Jerry Feldman <gaf at> wrote:
> ... Speakeasy, Earthlink, and AOL among
> others could be frozen out. But, this also leaves them open to state
> and local regulation. We'll see how the broadband operators (eg. cable
> and phone companies) react to this

State & local regulators now have their hands tied in the only meaningful
sense:  they can no longer control the prices or terms of contracts between
providers of "information" services and the utility companies which own the
physical wires.

Jack Coats <jack at> wrote:
> I got Covad.  They contracted with SWBell for a line
> and ran DSL over it.  ...  I don't see why other ISPs could't do the same.

Well I gave it a go as an ISP manager a few years ago.  I (er, my employer)
had contracts with Covad, Northpoint, and Verizon (BA in those days).  This
was before so-called line-sharing, so Verizon rivals Covad/Northpoint had to
provide service over a dedicated dry copper pair.  Verizon had two clear
advantages:  it didn't need to run a separate wire for DSL, and it could
invest the effort to test ALL of its existing phone wires for DSL
compatibility prior to launching service in a given geographic area.

The cable companies have an even bigger advantage:  the DOCSIS test laboratory
and its rigid standards which enable border-to-border service coverage at a
fixed data rate (one that is substantially higher than any DSL technology).

The bottom line is that line-sharing is far more efficient, cost-wise, than
any service which requires ordering a new, separate wire for each customer at
order time.  Dry copper is not scalable unless you're building a brand new
network.  Reselling line-shared service from Verizon is not viable; gross
margins are in the 5% range vs. the 40% or so you'd need to operate a viable
service with 24/7 monitoring.  If you're working with local regulators to
build a brand new network, you'd be crazy to invest in DSL technology:  fiber,
DOCSIS, or wireless are the only practical methods of laying new Internet

Jerry again:
>  But, the local physical
> lines are regulated by both the states and the communities.

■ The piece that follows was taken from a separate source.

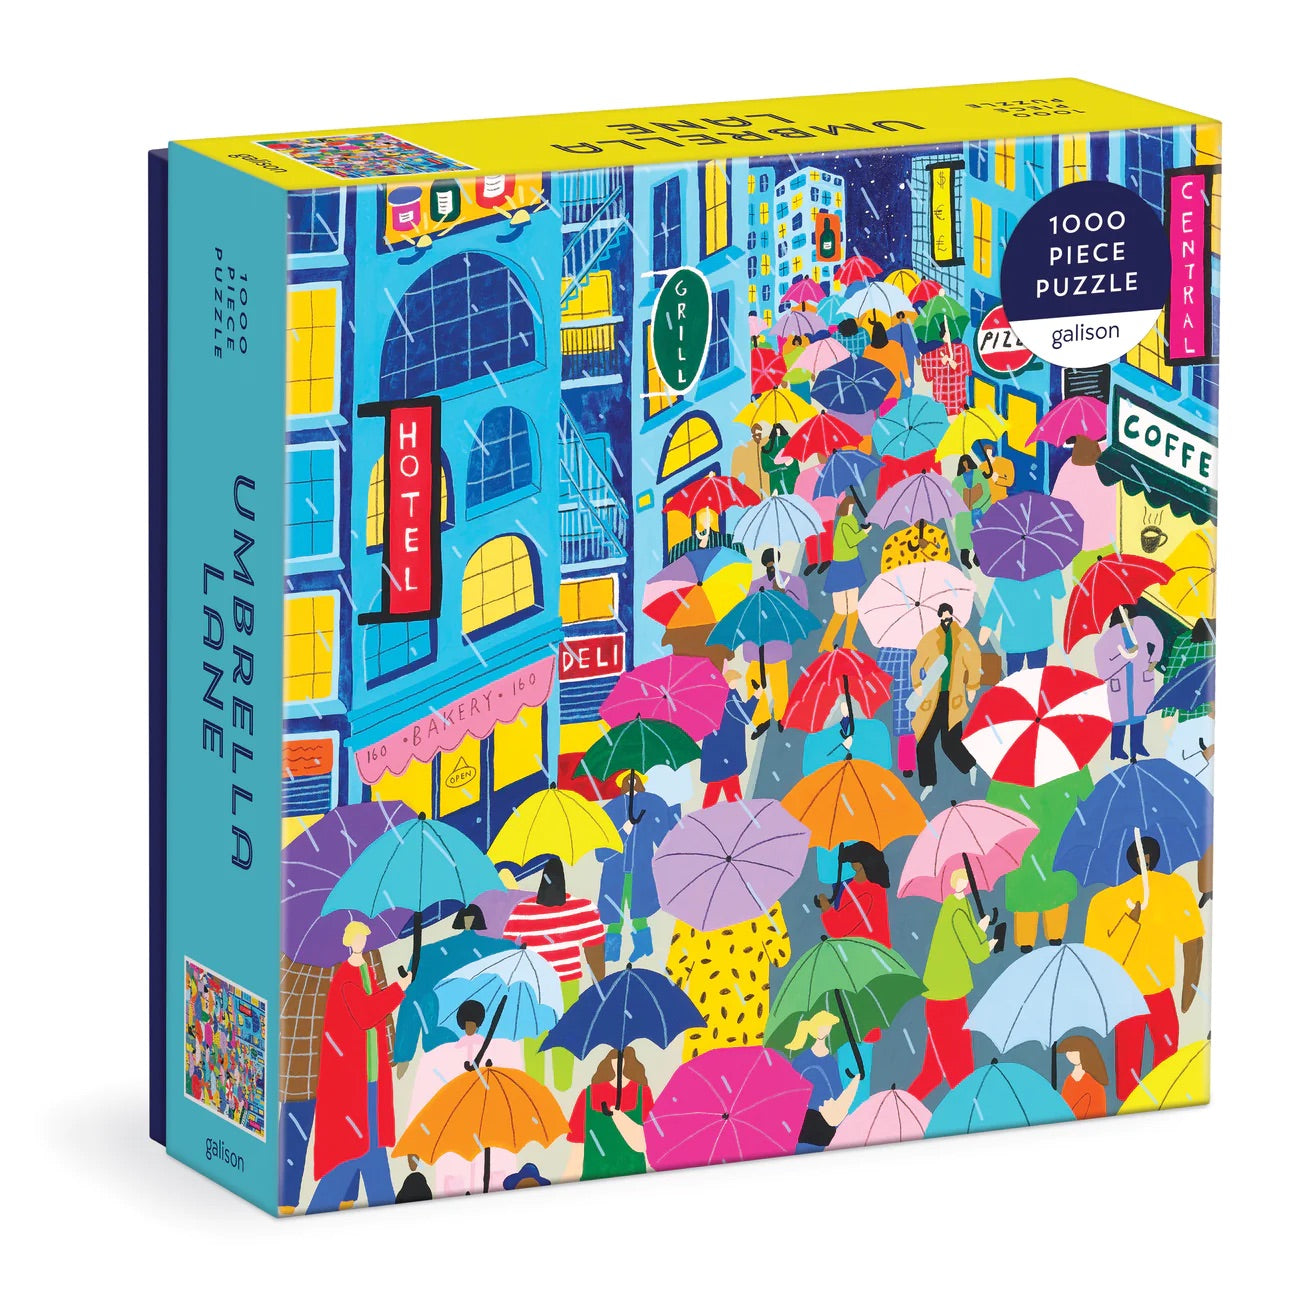 1000 Piece Puzzle - Umbrella Lane

That is one
> reason why there is a community public access TV channel on your local
> cable.
> I'm sure that AOL, Earthlink, and Speakeasy will find ways to continue
> to offer broadband service.

Local regulators' hands are completely tied, Jerry.  They can't impose taxes
or contractual terms or anything of sort on the big guys to deliver any
community-access or universal-service mandate that you might be trying to
compare with Somerville Community Access Television.

The game's over.  Right-wing corporate interests have gotten what they wanted,
a policy which former FCC chairman Michael Powell was unable to implement on
his watch, and they dressed it up in the usual drivel about how economies of
scale and elimination of competition which drive efficiencies to "benefit" the
consumer.  (Did anyone catch the similar BS argument trotted out last week
when some PR agent claimed that the price of sneakers should be headed down
soon now that Adidas is buying Reebok, claiming that because Target and
Walmart and their ilk can lay off a few purchasing managers now that they
don't have to source product from such a broad array of manufacturers?)

This outcome was never in doubt; the timeframe surprised me though, given that
it took from the telecom act of 1996 (which made competitive DSL possible)
until 2006 for the end-game to play out.  That's such a long time period that
the ultimate impact on consumers has been minimized.  In theory, getting rid
of the Covads and Earthlinks of the world (or rather, forcing them to get out
of the DSL broadband business:  the company names might live on, but they
won't be in the same business) should reduce the impetus for the phone and
cable companies to upgrade their services.  But those rivals never were able
to amass enough capital to build bypass networks of higher quality, so the
technology competition remains the same as it's been for 5 years or so: 
DOCSIS 1.1 at about 38 megabits per network segment vs DSL at about 2 megabits
per subscriber,  with future technologies DOCSIS 2.0 at something like 300
megabits per segment and fiber-to-the-home at a gigabit per segment.  Only the
dancing elephants (Verizon vs. Comcast in our neck of the woods) have the cash
to play this game.

Earthlink, Covad, AOL, Speakeasy are being told to get out of the way of the
big boys, which is something they'd probably have done anyway soon enough.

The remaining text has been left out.